Method: Cartouche and Ice Bath

Both the cartouche (shown below) and ice bath (shown above) made a recent appearance in the Pinch kitchen. I venture neither are oft used in a regular household kitchen, and it's true that neither are absolutely necessary. But we're not talking sous vide technology here. Both are pretty simple and can be very helpful to any cook.

If cartouche makes you think of hieroglyphs then bravo, you're very smart. But hold onto your headress. A cartouche used in a kitchen is a moisture and heat control device in the form of a flimsy piece of parchment paper. In other words, a cooking cartouche is a lot more complicated than pharaonic ruins.

I only use a cartouche for one thing anymore- poaching pears (tho have used it for stews and tomatoes). It's an absolute necessity in this preparation. First, pears are delicate (especially nice ripe ones). When you poach them you want them to infuse in the cooking liquid (in this case I was poaching 8-10 very small pears in one cup water, 1/3 cup sugar, 1/2 vanilla bean, three or four cardamom pods, one cinnamon stick and the zest of one orange). If I simply used a standard pot cover the heat inside the pot would've gotten too high; the pears would have cooked too quickly and not held as much flavor. On the other hand, had I left them uncovered, too much moisture would have been lost AND the pears exposed to air (they're not completely covered in the poaching liquid) would have become discolored and ugly.

So now you just need to know HOW TO MAKE a cartouche so you can enjoy Vanilla Poached Pears.

You will need a circle of parchment paper roughly the same size as your pot. This is made most easily by starting with a large square of parchment and folding it in half diagonally. (Click here to read David Lebovitz's Guide to Pear Poaching.) Place your finger in the center of the long side (which would mark the center of the square were it unfolded) and fold the triangle in half again, keeping a note of that spot where the center of the square would be. Fold a few more times until you have a thin pointy piece of folded paper. Then, hold the paper over your pot with that center point in the center of your pot (you're just marking the radius of the pot). Using scissors trim off the excess parchment (the part that extends beyond the sides of the pot). Now you can unfold all that paper - it should be a nice circle - and use it as a lid. It doesn't have to fit perfectly. See how I just pressed a slightly oversized cartouche onto my pears and up the sides of the pot:

Ok, so the ice bath. I employ these when I'm pressed for time, as usually things can just come to room temperature at their leisure. An ice bath is handy lots of times: when you need to blend a sauce or soup but it's still too hot (you cannot do so with hot liquid without scalding yourself and making a colossal mess of your kitchen). And when you're running short on time and your ganache is taking it's time to cool and thicken. And when you forgot to make an ice cream base the night before you plan to serve it. Enter the ice bath.

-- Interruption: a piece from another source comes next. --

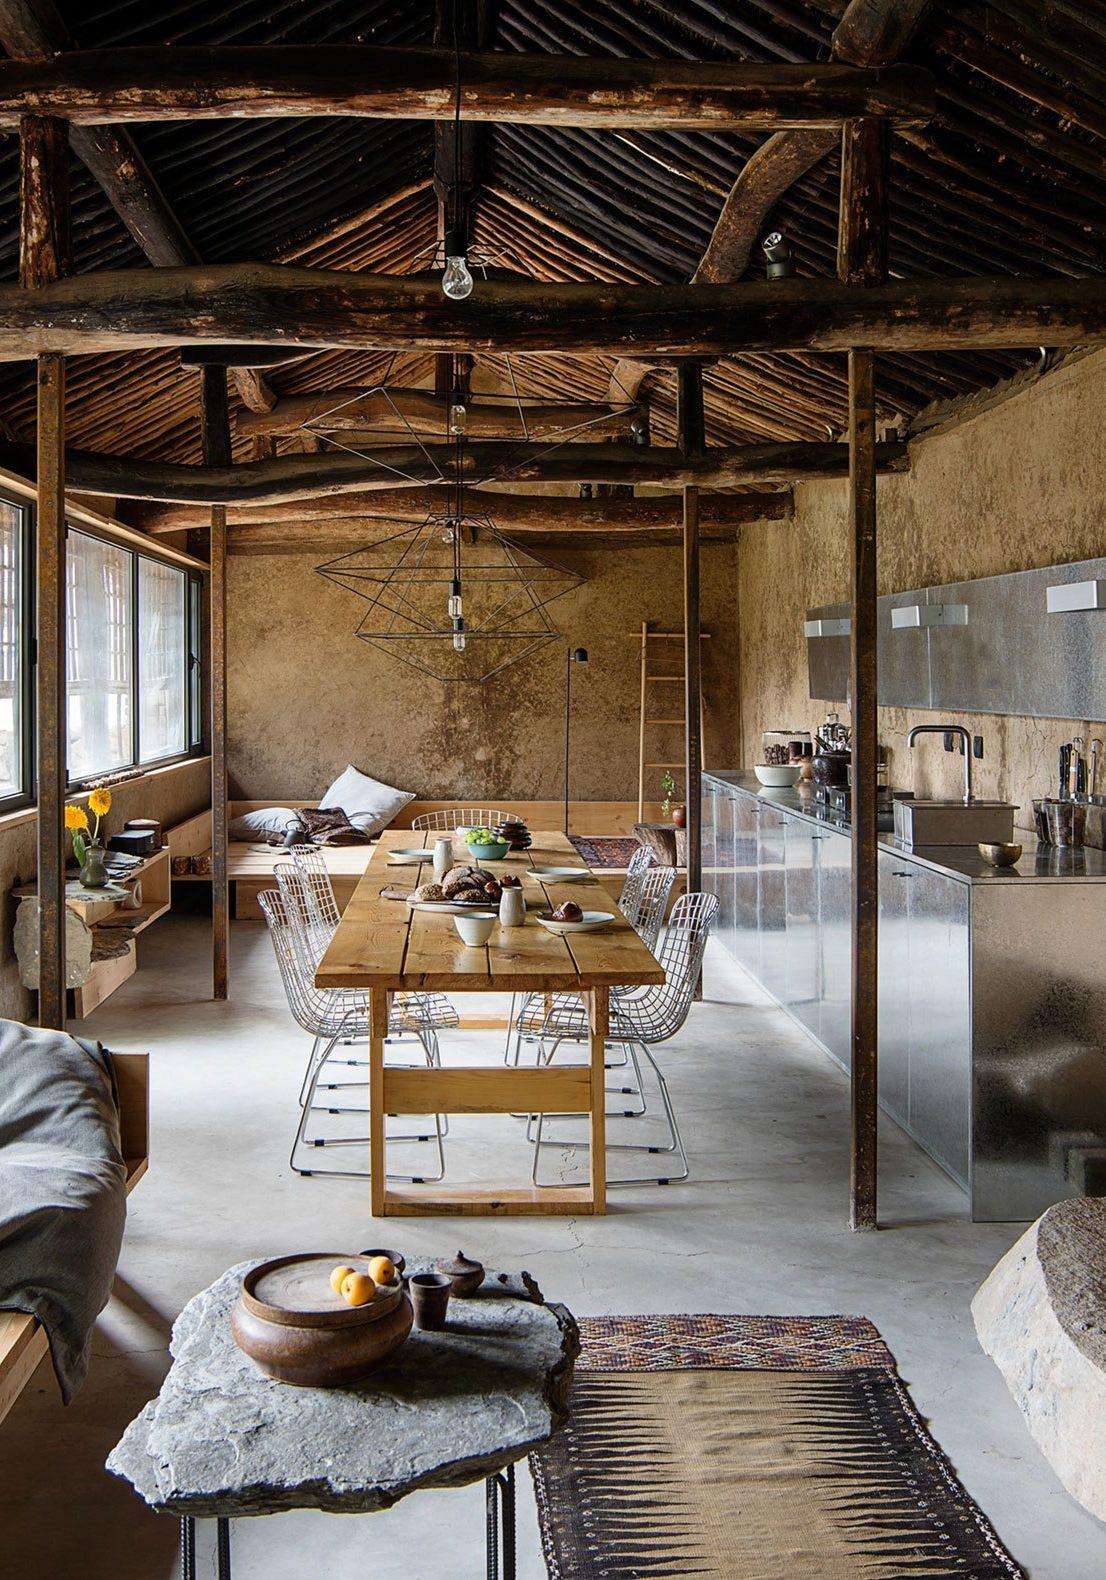 El tándem Taeubert-Min revitaliza la vivienda rural china con su Studio Cottage

I used ice bath tonite to cool off my tortilla soup in time for dinner. I usually make the soup early in the day but didn't get to it in time today. I like to puree about half the soup - the corn makes it nice and creamy without adding any fat. (And, as predicted, the addition of farmer's market corn was AMAZING!) I don't care to puree all of it because I like to have the soup to have some texture.

To use an ice bath, all you really need are good nesting bowls. I have the stainless steel variety. I wouldn't bother with melamine for a few reasons, not the least of which include possible chemical leach from a hot soup, but also because a stainless steel bowl will, I think, allow its contents to cool faster than a melamine one.

Anyway, fill the bigger bowl with ice, then nestle the smaller one into the ice. Fill the smaller bowl with whatever needs cooling, then stir every so often until the desired temperature is reached. Note: don't go far if you're cooling ganache - left alone for too long and it'll get so hard you'll need to rewarm it and start over. Ganache cools very quickly on ice.